Underlining is a common task in Word, and easily done, but what if you need to overline (also called overscore or overbar), some text? Overlining is common in scientific fields, but there are various reasons for overlining text. However, Word doesn’t make it easy.
You can apply overlining to your text in Word using a field code or the equation editor, or you can add a paragraph border to the top of the text.
Using a Field Code
First, we’ll show you how to use a field code to apply overlining to text. Open an existing or new document in Word and place the cursor where you want to put the text with overlining. Press “Ctrl + F9” to insert field code brackets, which are highlighted in gray. The cursor is automatically placed in between the brackets.
Enter the following text between the brackets.
EQ \x \to()
NOTE: There is a space between “EQ” and “\x” and between “\x” and “\t()”. “EQ” is the field code used to create an equation and the “\x” and “\to” are switches used to format the equation or text. There are other switches you can use in the EQ field code, including ones that apply bottom, right, left, and box borders to the equation or text.
Put the cursor between the parentheses and enter the text you want to overline.
To display this as text rather than a field code, right-click anywhere in the field code and select “Toggle Field Codes” from the popup menu.
The text you entered into the field code displays with a line above it. When the field code displays as normal text, you can highlight it and apply various formatting to it, such as font, size, bold, color, etc.
NOTE: To display the field code again, simply right-click in the text and select “Toggle Field Codes” again. When you put the cursor in text generated from using a field code, the text is highlighted in gray, just like the field code.
If you want the line to extend beyond either end of the text, add spaces when entering the text into the field code. This is useful for creating lines with names under them for signing official documents.
Field codes work in all versions of Word, for both Windows and Mac.
Using the Equation Editor
You can also apply overlining to text using the equation editor. To do so, click the “Insert” tab in your Word document.

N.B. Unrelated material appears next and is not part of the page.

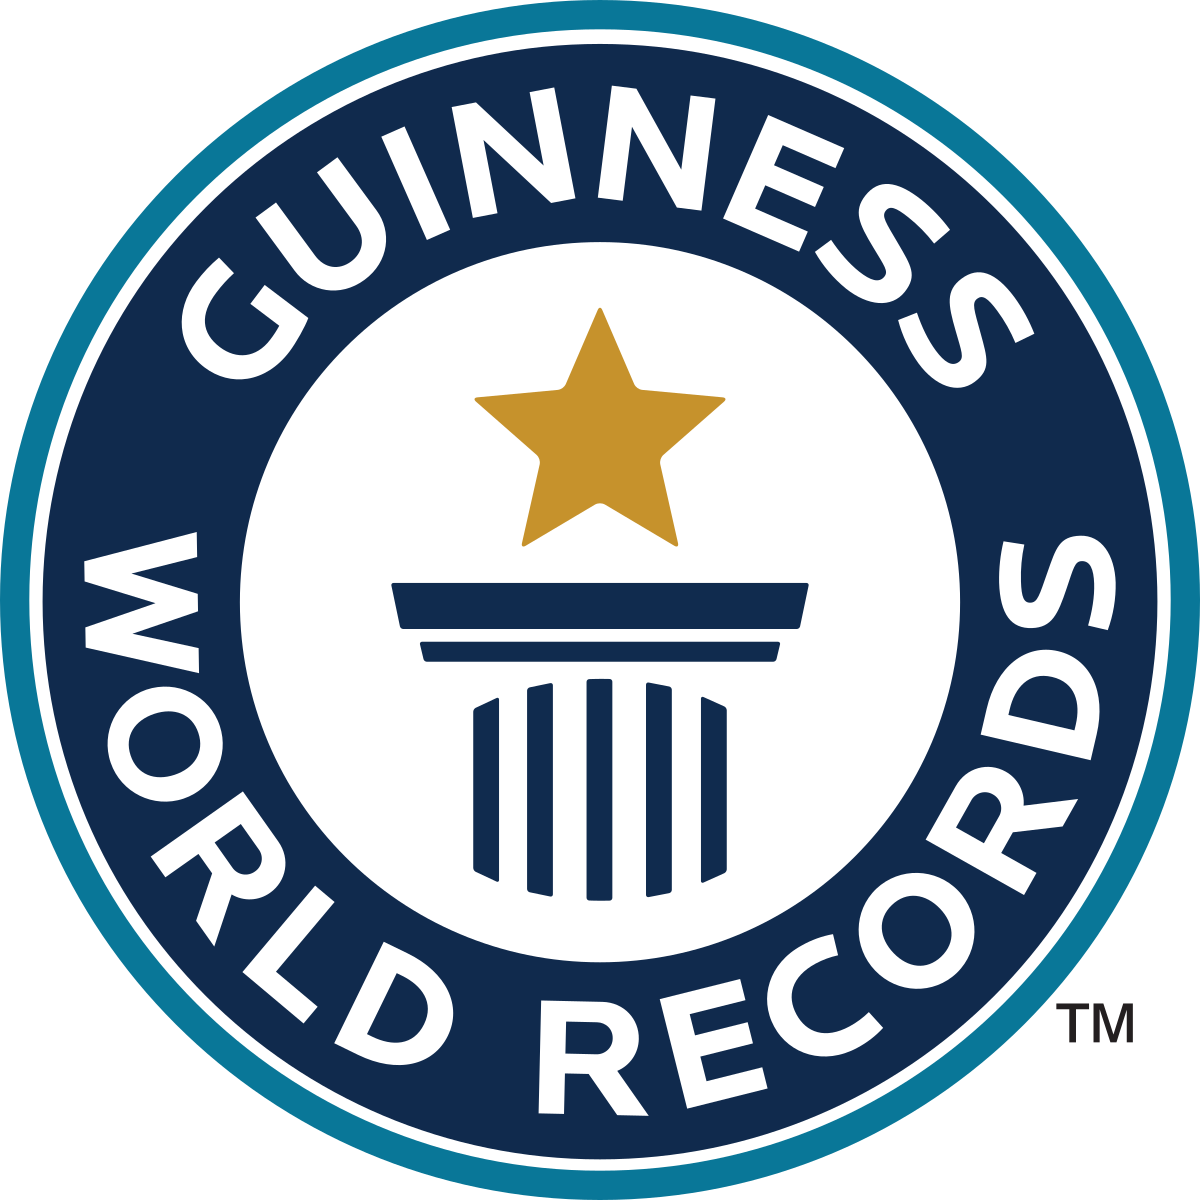 7 Steps To Set Or Break A Guinness World Record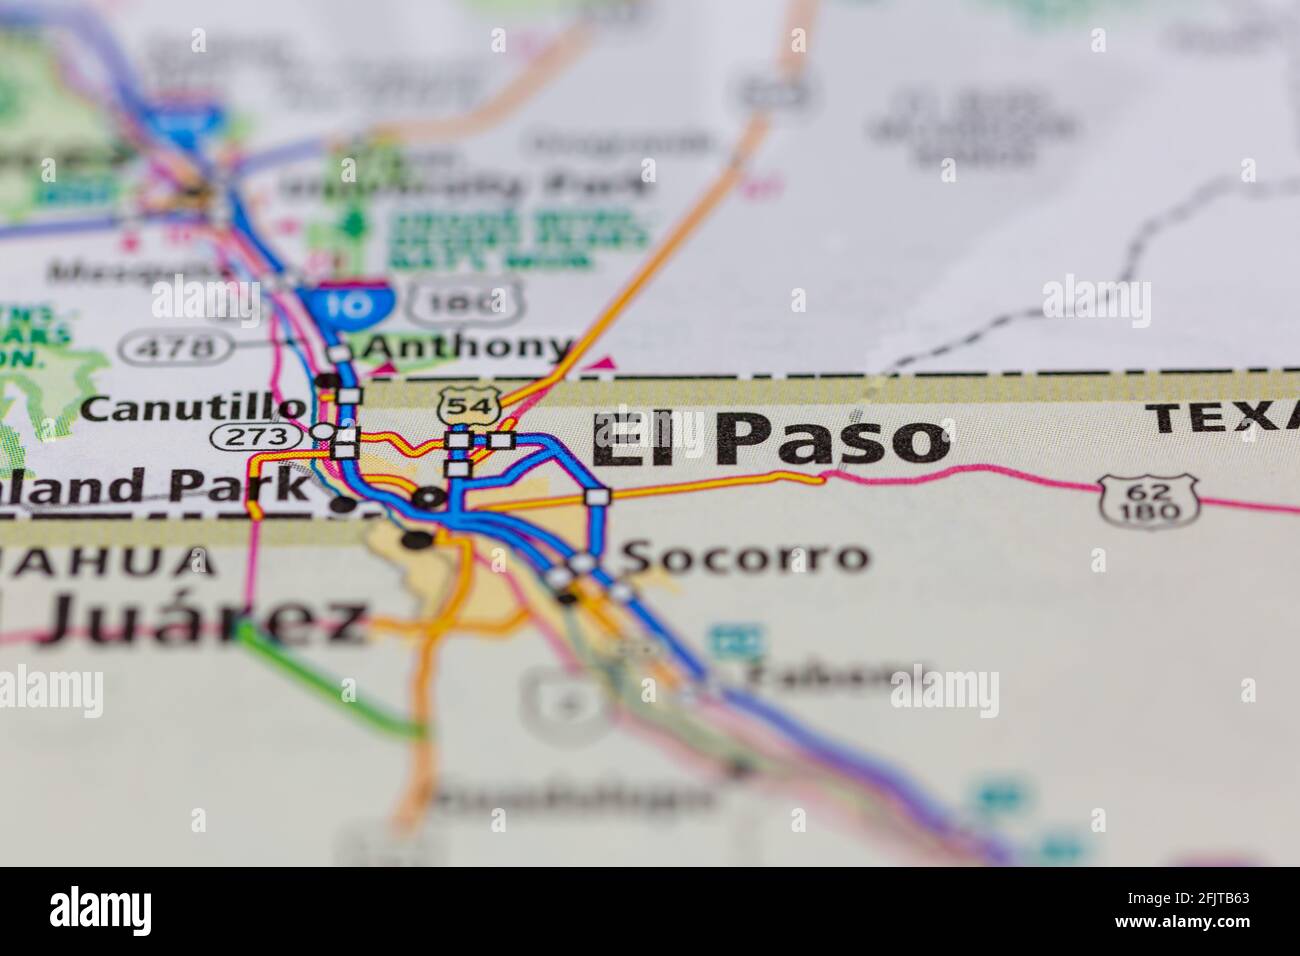 El Paso Texas USA and surrounding areas Shown on a road map or Geography map Stock Photo

In the “Symbols” section of the “Insert” tab, click “Equation”.
The “Design” tab under “Equation Tools” displays. In the “Structures” section, click “Accent” to access various accents you can apply to the top of the text in the equation. There are two different accents you can use. Select either the “Bar” under “Accents” on the drop-down menu…
…or select the “Overbar” under “Overbars and Underbars”. The “Overbar” produces a slightly longer line above the text than the “Bar”.
The selected accent displays over the small dotted box in the equation object.
To enter your text, click on the dotted box to select it.
Type your text into the dotted box. The line extends to cover the text as you type.
Click outside of the equation object to view the finished “equation”, or overlined text.
Notice that when entering a hyphenated word or phrase into an equation in the Equation Editor, such as “How-To Geek”, there are spaces before and after the dash. That’s because it’s an equation and Word is treating the dash as a minus sign between two operands. If you would rather not have those spaces (or if you don’t have the Equation Editor installed), the first method above, or the following method, may work better for you.
Adding a Paragraph Border
Applying an overline to text can also be accomplished using paragraph borders. Type the text you want to overline into your Word document and make sure the “Home” tab is active on the ribbon bar. Click the down arrow on the “Borders” button in the “Paragraph” section of the “Home” tab.
Select “Top Border” from the drop-down menu.
The line above the paragraph extends from the left margin to the right margin. However, you can adjust the indents for that paragraph to shorten the line. To do this, you must make the ruler visible. Click the “View” tab.
In the “Show” section of the “View” tab, click the “Ruler” check box so there is a check mark in the check box.
To change the indents for the paragraph, put the cursor in the paragraph and put your mouse over one of the indent markers on the ruler. For this example, we’ll make the “Right Indent” bigger, shortening the line from the right.
NOTE: To move the left indent, put your mouse over the small box directly under the two small triangles on the left side of the ruler to move the triangles together. Do NOT move the triangles separately.
Click and drag the indent until the line is the length you want.
Release the mouse button when you’re done moving the indent. The line is now shorter.
Until Microsoft adds this capability as a regular feature, these methods provide ways around the limitation. They may not be as easy as highlighting text and clicking a single button, or pressing a shortcut key, but they’ll work in a pinch.